姉の死は、山丘のせいだ、と言わんばかり。
山丘は、片瀬結菜の才能は認め、別の作品で大賞を取れると確信していました。
川谷の同期の編集担当が片瀬を推していて、次こそ受賞が叶うよう、きめ細かいやり取りをしていたことも明かされます。
玲奈は誤解していたことにようやく気付かされたのでした。
落ち込んだ時、イライラした時、掃除するに限る!
気分が沈んだ時、イライラした時、何か無心に作業するのがいい、というのは納得です。
ちょっと夫婦喧嘩したときなど、無言でバタバタ掃除したり磨いたりするので家がきれいにった経験があります(笑)
心もお掃除されるのかな?
姉の死の原因を山丘先生のせいにして怒っていた玲奈さんは、まだ生前のままにしてあった、先生の愛娘・香乃ちゃんの部屋の片付けに参加することに。
山丘先生もようやく香乃ちゃんの荷物を整理して自分の気持の整理も整理する気になったようです。
整理や掃除は心が「整う」んですね。
妻と娘を亡くした山丘先生の印象的な言葉
「この世界でどれくらいの時間を過ごすかは、生まれて来る前に、あらかじめ自分で決めてくるんじゃないだろうか」(P213より)
それが運命なのだ、と。
そう考えれば、逝く者も、残された者も気が楽になります。
最愛の家族を失った先生が孤独の中でたどり着いた答えなんだと思いました…
玲奈さんは弁護士事務所の秘書
「仕事柄、訴訟関連の書類なんかを見る機会が多いんですけど、相手に不利な証拠としてよく上がっているのが、録音テープの声なんです。
なので、美空ちゃんがもし学校の先生を告発したいなら、言い逃れをされないように、録音しておくべきだと思います。これ、どうぞ」
出典:『今日は心のおそうじ日和2』P229
ペン型のレコーダーを差し出して…本当はこの家で使おうと思っていたが、紳士的な山丘から、なにも告発できる音声を録れなかったらしいです。
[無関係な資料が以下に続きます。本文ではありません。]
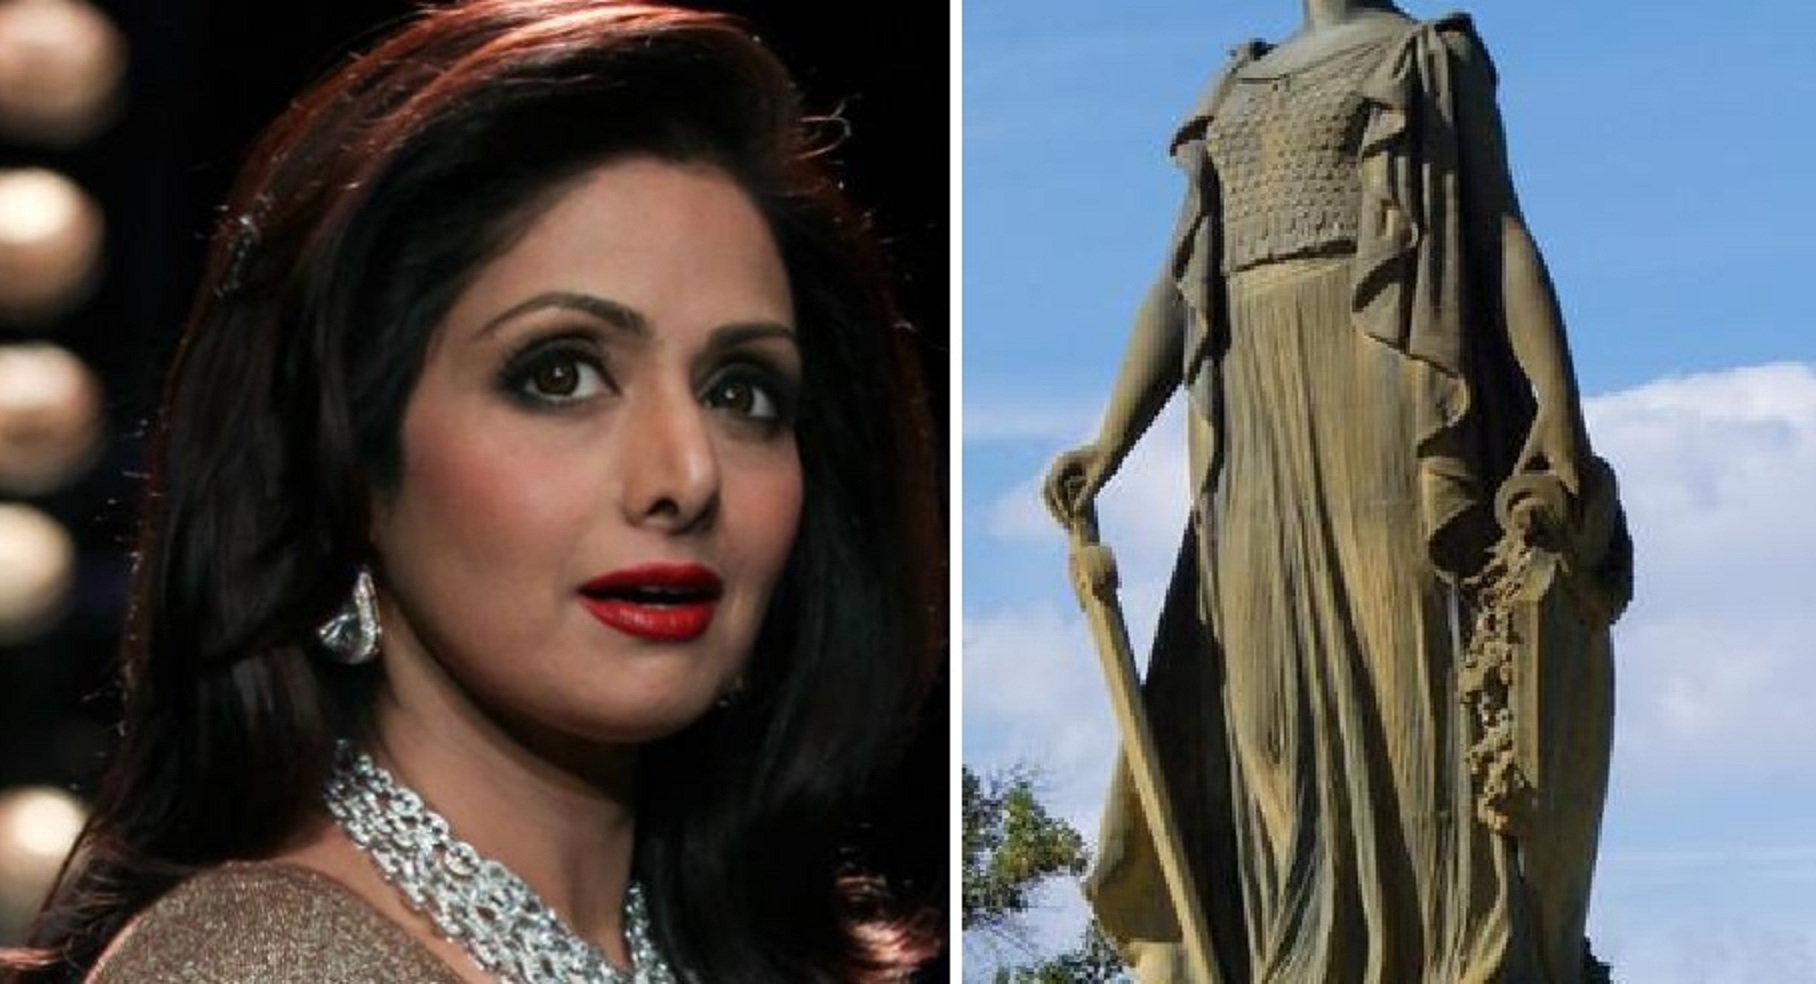 Switzerland to Erect a Statue of Sridevi in Her Honor!

美空の学校の教師のパワハラを知って背中を押してくれたのでした。
「このハゲーーーーっ」を録音していた議員秘書さんの件を思い出しました。
証拠は録音、それが身を守りますね。
山丘先生の涼子へのほのかな愛?
涼子のお見合いも、
片瀬玲奈にかき回された日常も、
涼子の娘・美空のことも
なにより、涼子自身を、少し離れたところから温かく見守っている山丘先生。
多くを語らない先生の言葉には、多くを語らないこその思いが濃厚に詰まっていて…
涼子は、先生の気持ちに気づいているのに遠慮してしまうし、
読者はもどかしい!!
この作品は『2』ですがシリーズになってるんでしょうね。
先生と涼子の今後を読んでみたいです。